Conformal Prediction¶

Conformal prediction provides distribution-free, finite-sample prediction intervals (for regression) and prediction sets (for classification). Unlike asymptotic confidence intervals, conformal guarantees hold for any sample size and any data distribution:

\[ P\bigl(Y_{\text{new}} \in \hat{C}(X_{\text{new}})\bigr) \geq 1 - \alpha \]

fdars implements split conformal methods for functional regression and classification.

How split conformal works¶

Split the training data into a proper training set and a calibration set.
Fit the model on the proper training set.
Compute residuals (nonconformity scores) on the calibration set.
Construct prediction intervals/sets for new observations using the calibration quantile.

Coverage guarantee

For a calibration set of size \(n_{\text{cal}}\) and miscoverage level \(\alpha\), the coverage guarantee is:

\[ P\bigl(Y_{\text{new}} \in \hat{C}(X_{\text{new}})\bigr) \geq 1 - \alpha \]

This holds marginally (over both the calibration set and new data) without any distributional assumptions.

Conformal FPC regression¶

Wraps fregre_lm with split conformal calibration to produce prediction intervals.

import numpy as np
from fdars import Fdata
from fdars.conformal import conformal_fregre_lm

# --- Simulate data ---
np.random.seed(42)
n_train, n_test, m = 200, 50, 81
t = np.linspace(0, 1, m)
beta_true = np.sin(4 * np.pi * t)

def make_data(n):
    raw = np.zeros((n, m))
    for i in range(n):
        raw[i] = (
            np.random.randn() * np.sin(2 * np.pi * t)
            + np.random.randn() * np.cos(2 * np.pi * t)
            + 0.3 * np.random.randn(m)
        )
    fd = Fdata(raw, argvals=t)
    response = np.trapz(fd.data * beta_true, fd.argvals, axis=1) + 0.5 * np.random.randn(n)
    return fd, response

fd_train, train_response = make_data(n_train)
fd_test, test_response = make_data(n_test)
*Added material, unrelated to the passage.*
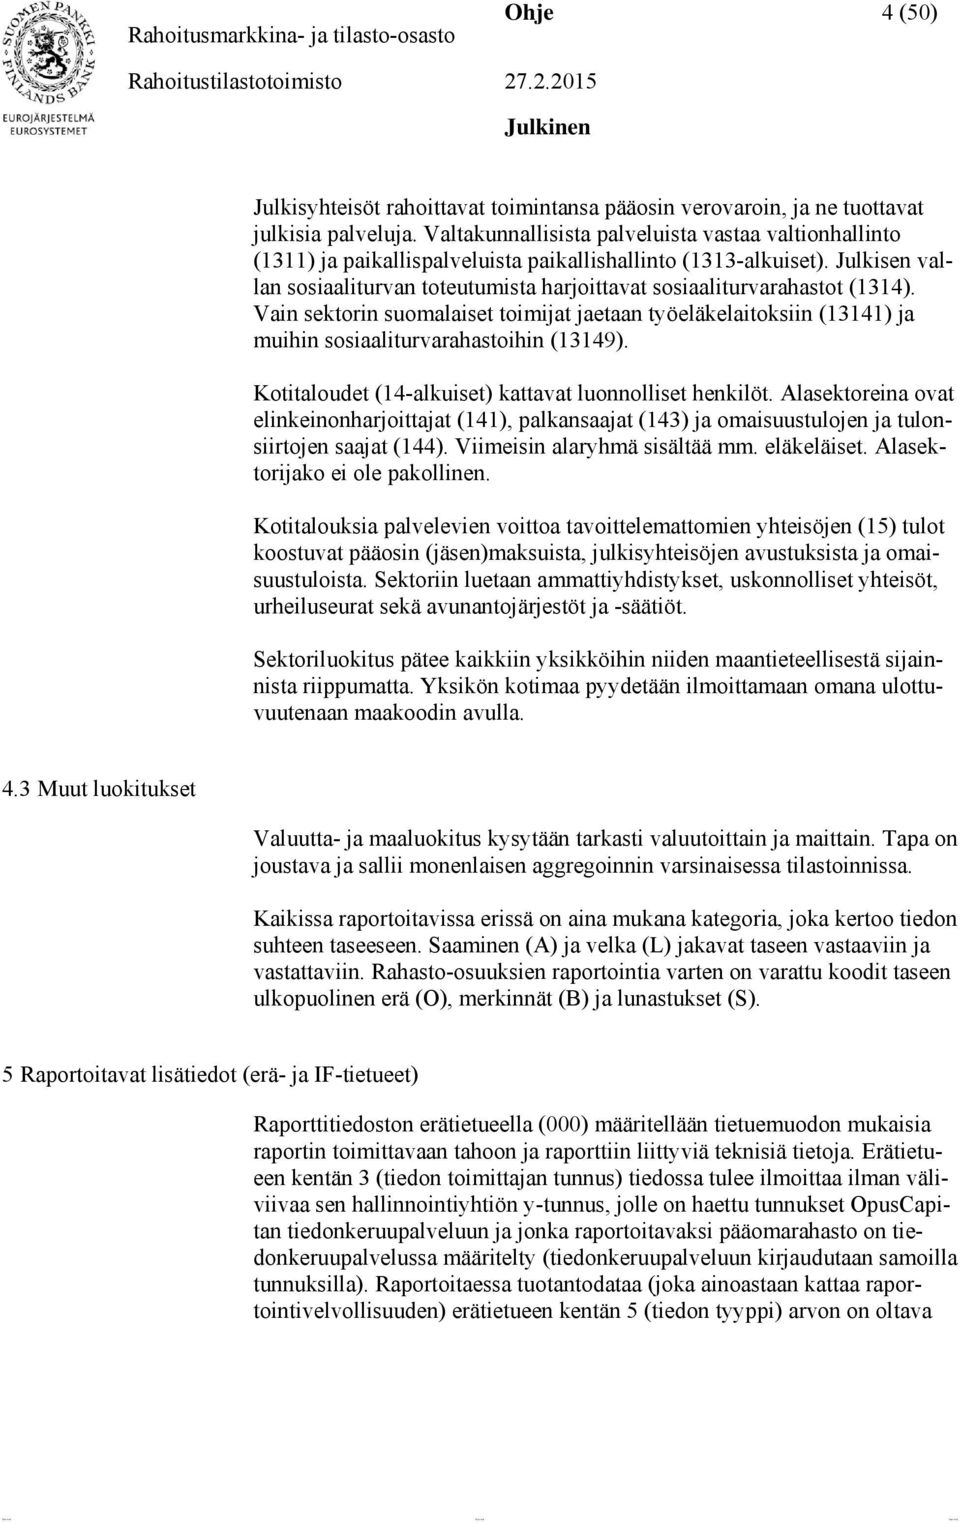 Julkisen vallan sosiaaliturvan toteutumista harjoittavat sosiaaliturvarahastot (1314). Vain sektorin suomalaiset toimijat jaetaan työeläkelaitoksiin (13141) ja muihin sosiaaliturvarahastoihin (13149).

# --- Conformal prediction ---
result = conformal_fregre_lm(
    fd_train.data, train_response, fd_test.data,
    ncomp=3,
    cal_fraction=0.25,   # 25% of training data for calibration
    alpha=0.1,           # 90% prediction intervals
    seed=42,
)

lower       = result["lower"]        # (n_test,)
upper       = result["upper"]        # (n_test,)
predictions = result["predictions"]  # (n_test,)
coverage    = result["coverage"]     # empirical coverage (if test labels provided)
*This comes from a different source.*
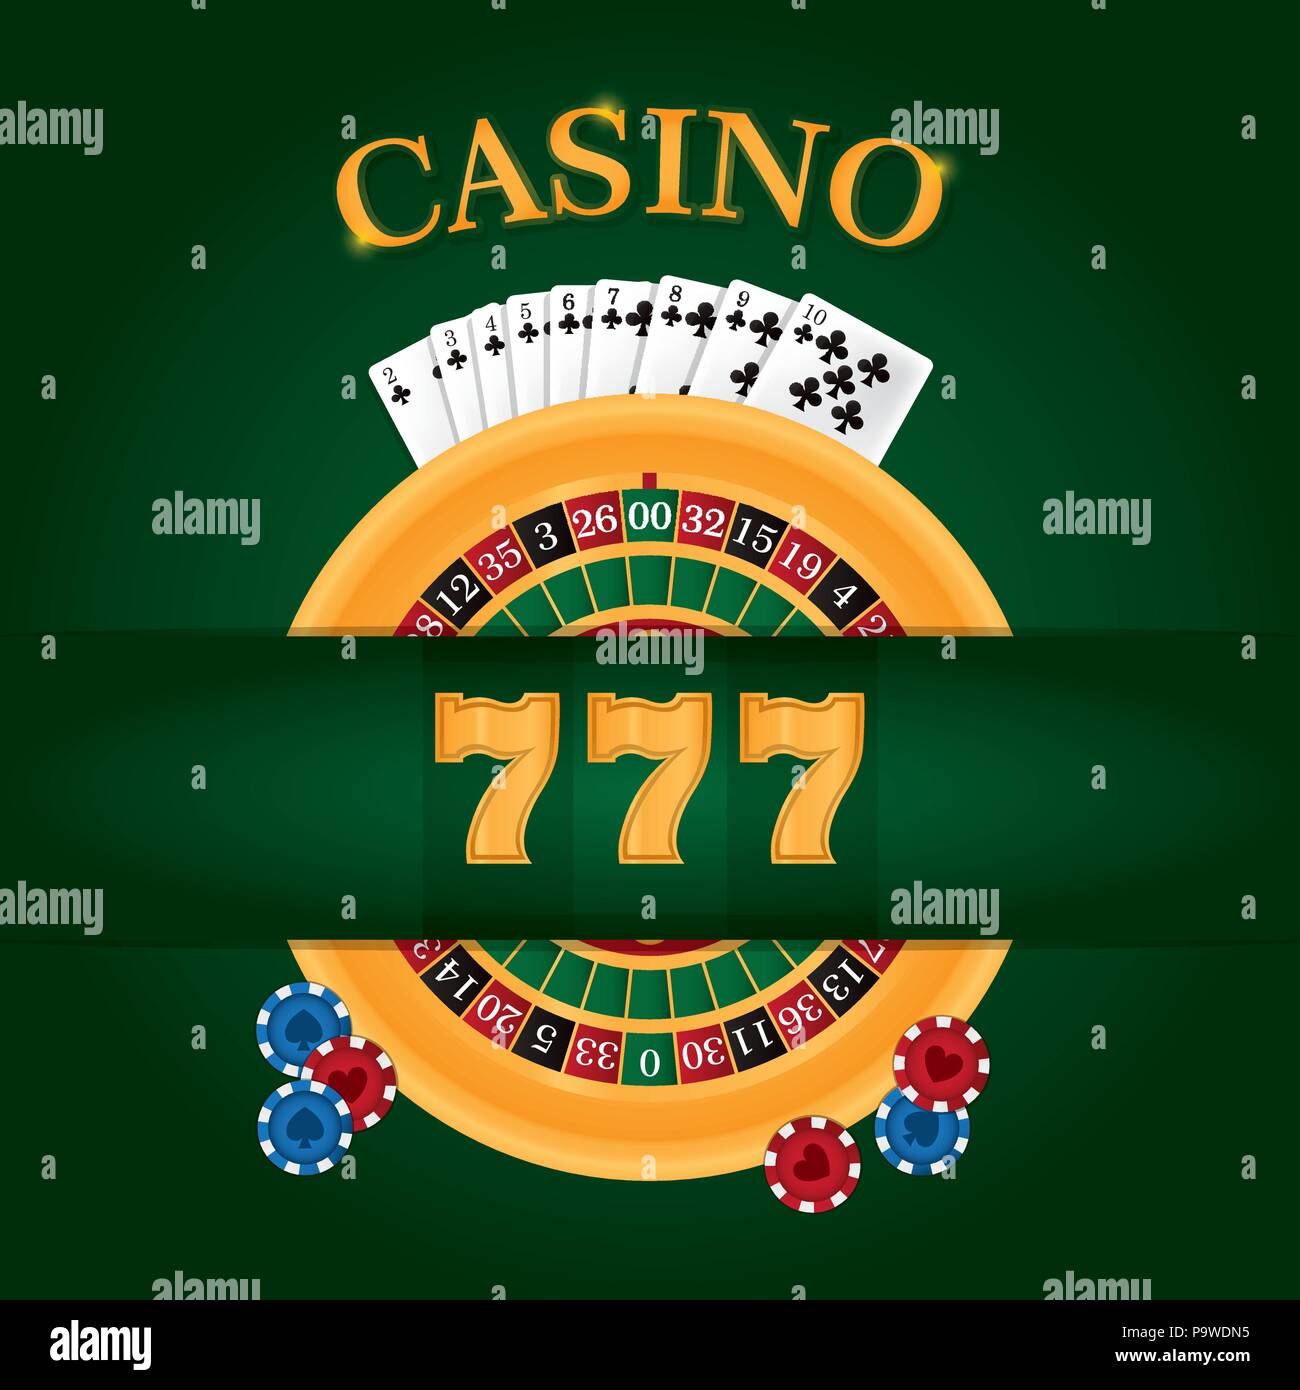 Casino-Spiel-Konzept Stock Vektor

# Check coverage on test set
actual_coverage = np.mean((test_response >= lower) & (test_response <= upper))
print(f"Target coverage:  {1 - 0.1:.0%}")
print(f"Empirical coverage: {actual_coverage:.0%}")
print(f"Mean interval width: {np.mean(upper - lower):.4f}")

Key	Type	Description
`lower`	`ndarray (n_test,)`	Lower bounds of prediction intervals
`upper`	`ndarray (n_test,)`	Upper bounds of prediction intervals
`predictions`	`ndarray (n_test,)`	Point predictions
`coverage`	`float`	Reported coverage

Parameter	Default	Description
`ncomp`	3	Number of FPC components
`cal_fraction`	0.25	Fraction of training data reserved for calibration
`alpha`	0.1	Miscoverage level (\(1 - \alpha\) = coverage target)
`seed`	42	Random seed for the train/calibration split

Conformal nonparametric regression¶

Uses kernel regression (fregre_np) as the base model, with conformal calibration on top.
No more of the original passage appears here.